18 July, 2015

Are you rich or poor?

Your financial adviser may differ with your perspective.

Someone who has over Rs 5 crores of investments can be called rich. That’s my opinion. A wealth manager may disagree and believe the individual is mass-affluent, not rich. According to some of them, the rich category starts at Rs 25 crores or somewhere in that vicinity. The “really rich fold” would have salted away Rs 100 crores or more. The super-rich club would start somewhere at Rs 1,000 crores or so.

If you were to ask the man on the street – the aam aadmi (not to be confused with the party that professes to represent him), he would probably call most of us rich. Why?

Simply because we have our dwellings, gad around in our vehicles, send our children to decent enough schools, take vacations… to them, it seems like we are living it up!

Now ask yourself: Are you rich?

The most common reply would be: Not me; no way! I’m just a middle class guy.

Also Read: Lifestyle expenses can wreck important goals

This middle class, however, is a super-elastic bracket which takes within its ambit someone who earns Rs 15,000 to Rs 1 crore a month! Hence we have terms like lower-middle class, middle-middle class, upper-middle class and upper class! People want to believe they are in upper-middle class or at least middle-middle class – else they will feel miserable and poor!

If you were to ask our government, they would call everyone earning more than Rs 30 a day as middle class.  If you are paying taxes, you must be rich – that’s why they are taxing you, remember?

You would then agree that defining who is rich is really confounding, right? It is. But we have come up with a different methodology for identifying the rich. In our methodology, even how much one earns or has does not matter. What matters is the staying power. I might have confused more than I have clarified, but stay with me.

As financial planners/ advisers we come across people from various walks of life, earning piffling sums to the motherlode pay cheque. Spends are different too – for some they are modest and for others it reaches the stratosphere!  When there is so much variance, how can we come up with a reasonable definition of who can be classified as rich?

Let’s first understand what does not classify a person as rich.

For starters, multiple cars, a home with all the trappings of luxury and the latest gadgets, children enrolled in expensive private schools, regular family vacations, and high-paying jobs do not mark out a person as rich. Even multiple properties and a seemingly good cash-stash does not.

There are a few markers which would help us separate the ones with pelf from others who have small change, in a manner of speaking.

  • Spend ratio
If someone is spending over 70% of their income, they may be spending too much. This would be true for virtually any income band. Would be truer for those who do not have too many years to retirement. They should be saving more, in fact.

For instance, a person at 50 would potentially have another 10 years to retirement. His income would be pretty good, at that point. Expenses should have plateaued. If loans are still there, the EMIs as a percentage of earnings should be a meager number.
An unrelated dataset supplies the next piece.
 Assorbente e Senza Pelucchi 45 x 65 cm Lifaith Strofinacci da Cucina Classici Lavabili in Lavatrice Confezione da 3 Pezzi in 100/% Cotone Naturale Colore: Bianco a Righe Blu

College education may be underway for the children – but money for that would have been squirrelled away separately. So, they should be saving at least 40-50% of their income, if not more.

This is going to mark out the rich from the poor. Those saving too little during their earning years are setting themselves up for penury, in the years ahead – however grand their present looks!

  • Expenses
It is rarely the grocery or regular home expense that spells trouble for most. It is the discretionary lifestyle expense that breaks the piggy bank. Many of them have a busload of goals that guzzle cash –second homes, foreign vacations, multiple cars with frequent changes, child’s education abroad, etc.  This ensures that much of their earning goes towards servicing loans over a long period.
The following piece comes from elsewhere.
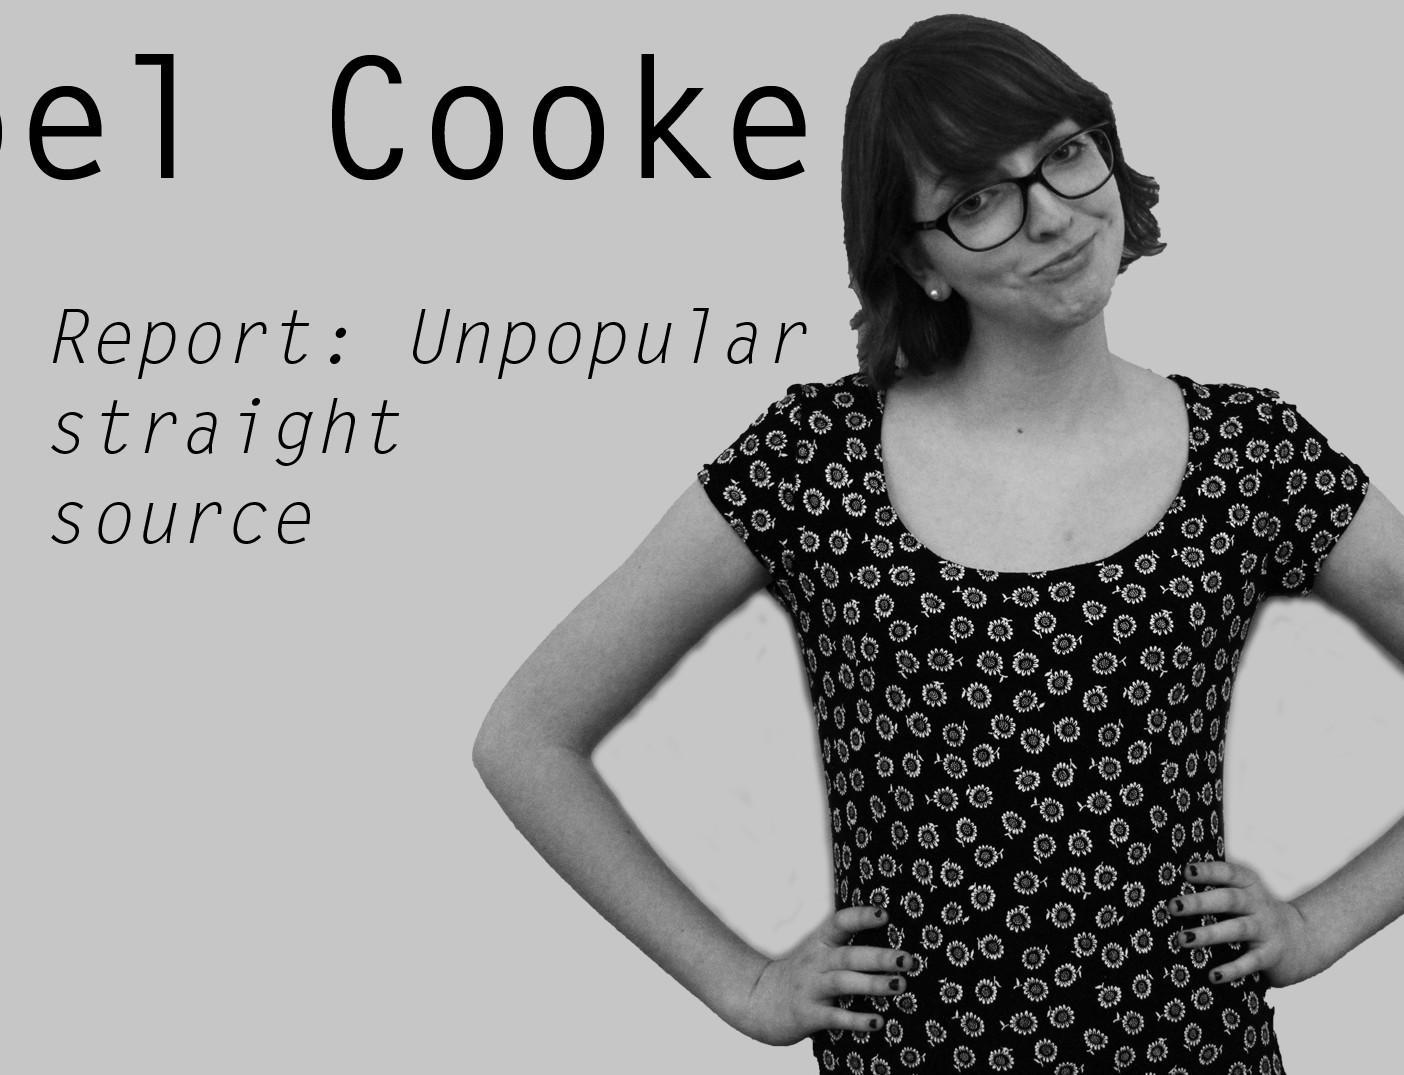 Isabel Cooke

A very high watermark for expenses is a red flag. Family members get comfortable with a high-flying lifestyle. And they keep upgrading it. Expenses hence tend to be high throughout and savings commensurately lower.

The corpus would hence be small at retirement. With expense high and a low corpus, they could support themselves only for a few years after retirement.  They may have to cut their lifestyle drastically, just to survive, making them decidedly poor.

  • Big corpus myth
Many clients think that they have a big enough corpus and will be able to sail through retirement, easily enough. A seemingly big corpus is no guarantee for a fully funded, comfortable retirement. Inflation and medical expense nibble away at the corpus. Also, increased longevity can deplete even a gargantuan corpus.

Penny pinching – a preserve of the poor – will then have to take centrestage.

  • Cash flow
A good salary and strong cash flow in the bank lulls people into a false sense of security. People tend to take it for granted that life will always be like that – getting their jolt when the pay cheque stops. That is when they start experiencing the privations of the poor!

So when is a person rich?

To summarise, one’s earnings or corpus does not make a person rich. A blizzard of expenses and a false sense of security can actually make one poor.

A person is rich when there is enough money for various needs – now and in future, and when one does not need more nor is craving for more. They are the ones who can be at peace and live a contented life. Sounds philosophical, but true. The rest are poor and they need to think hard about it – for their own good!